Aquino, whose family was devoutly Catholic, then opened up about his spiritual crisis while he was detained. His widow, Corazon Aquino, would later confirm his deep prayer life while in detention, recalling in a 2005 speech that her husband would sometimes “pray as many as 50 rosaries a day.”

‘I began to doubt’

Robertson asked Aquino, “Tell me about your relationship with the Lord in this solitary thing. Something unusual happened spiritually to you.”

PROBING QUESTIONS. Pat Robertson of ‘The 700 Club’ interviews Benigno ‘Ninoy’ Aquino Jr. about his life in detention.

Aquino answered: “Well, you know, I’m a Catholic, I was born a Catholic, and 85% of the Filipino people are Christians, as you know. But we never really read the Bible as Catholics, I don’t know why. And we were instinctively Catholic, we believed in God, but as a young man, I had no time for God. I was too busy with my politics.”

Aquino, who became a politician at the age of 23, thought he was “self-contained.” At the time of the interview, Aquino was a 48-year-old opposition leader and former journalist who had occupied the posts of mayor, vice governor, governor, and senator in a span of a decade.

“I thought, on my own steam, I can make it. I only went to God when I needed his help, when the votes were coming in and I’d say, ‘Dear Lord, help me.’ But when the votes are in, I forget the Lord. But when I was placed in deep solitary confinement, with nobody to talk to, I became desperate. And here I started to question the fundamentals of my belief,” he said.

“Firstly,” Aquino asked, “is there really a God?” 

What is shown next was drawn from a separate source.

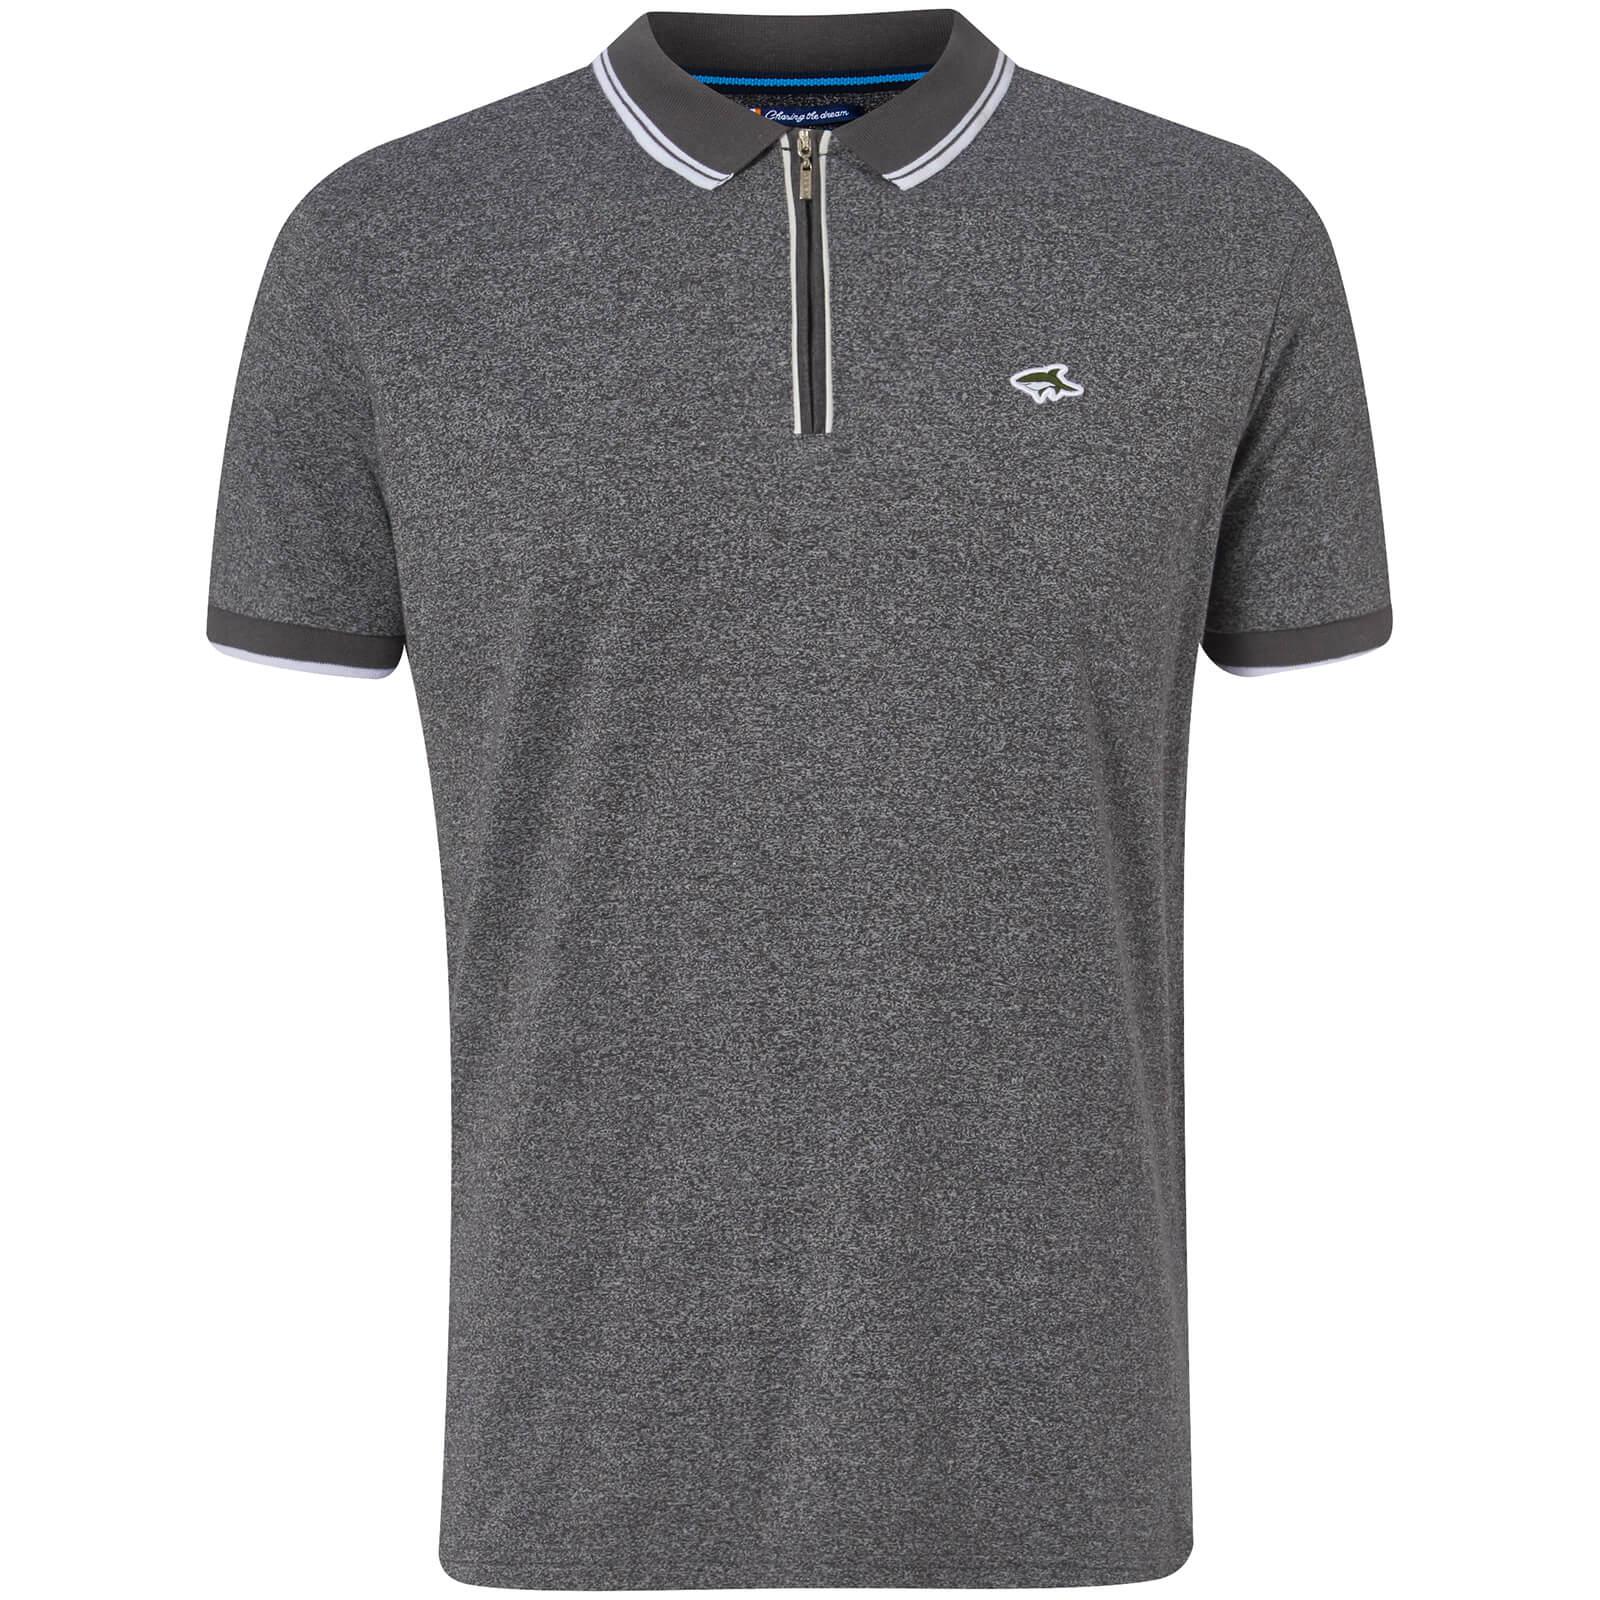 Le Shark Men s Holmdale Zip Polo Shirt - Asphalt Clothing  1a6233970e2c

“I began to doubt that. I said, if there is a God, why should I be here? What have I done? Why are the crooks all out? And so I asked the second question: Was there a God when the children were gassed at Auschwitz? At Buchenwald? At Dachau? Where was he? Where is this God?” he said.

“But then I felt,” Aquino continued, “there must be a God because then, all of this suffering will be useless. I mean, if I am suffering like this and there’s no God, who will ever reward me? Who will ever pay me back? So there must be a God. So I felt then – maybe it’s a fool’s consolation – I had to even invent him if there is no God because that’s the only way you can survive.”

“Without him, Pat, you’ll never make it. And as Saint Paul said, ‘I’m strongest when I am weakest.’ And I became strongest when I was down there on the floor, in solitary confinement, alone. And it’s only when he came to me, that I really felt strongest,” Aquino told Robertson.

‘Welcome your suffering’

The televangelist later prompted Aquino to discuss how “the suffering did something” for him.

“Well, Pat, suffering can do two ways. It can break you or make you. In my particular instance, I welcomed it as an opportunity. With this suffering, I knew that God cared for me. ‘Cause if he didn’t care for me, he won’t make me suffer,” Aquino said.

SPIRITUAL CRISIS. Benigno ‘Ninoy’ Aquino Jr. opens up to Pat Robertson in this 1981 interview about his spiritual crisis while in detention.

He then recalled how his children would visit him once a week while in detention, and how his “heart would be broken” whenever they left. “But it’s only then that I really realized the value of my children. God had to take them away, for me to realize that value.”

“So I think the message is, welcome your suffering because God will never give you a suffering that will break you. It’s only a manifestation of his love, I think, that he makes us suffer to really realize him. Because when we’re in glory, we don’t know him. But when we suffer, we remember him,” said Aquino, who was martyred on an airport tarmac two years later.

While Robertson was sympathetic to Aquino during this 1981 interview, however, there was more to Robertson’s politics.

In the same interview, Robertson mentioned the Philippine Heart Center, where Aquino was once confined. Robertson noted that the Philippine Heart Center was one of the projects of then-first lady Imelda Marcos, then said in passing, “We donated some money to it a few years ago, as a matter of fact, here at The 700 Club.”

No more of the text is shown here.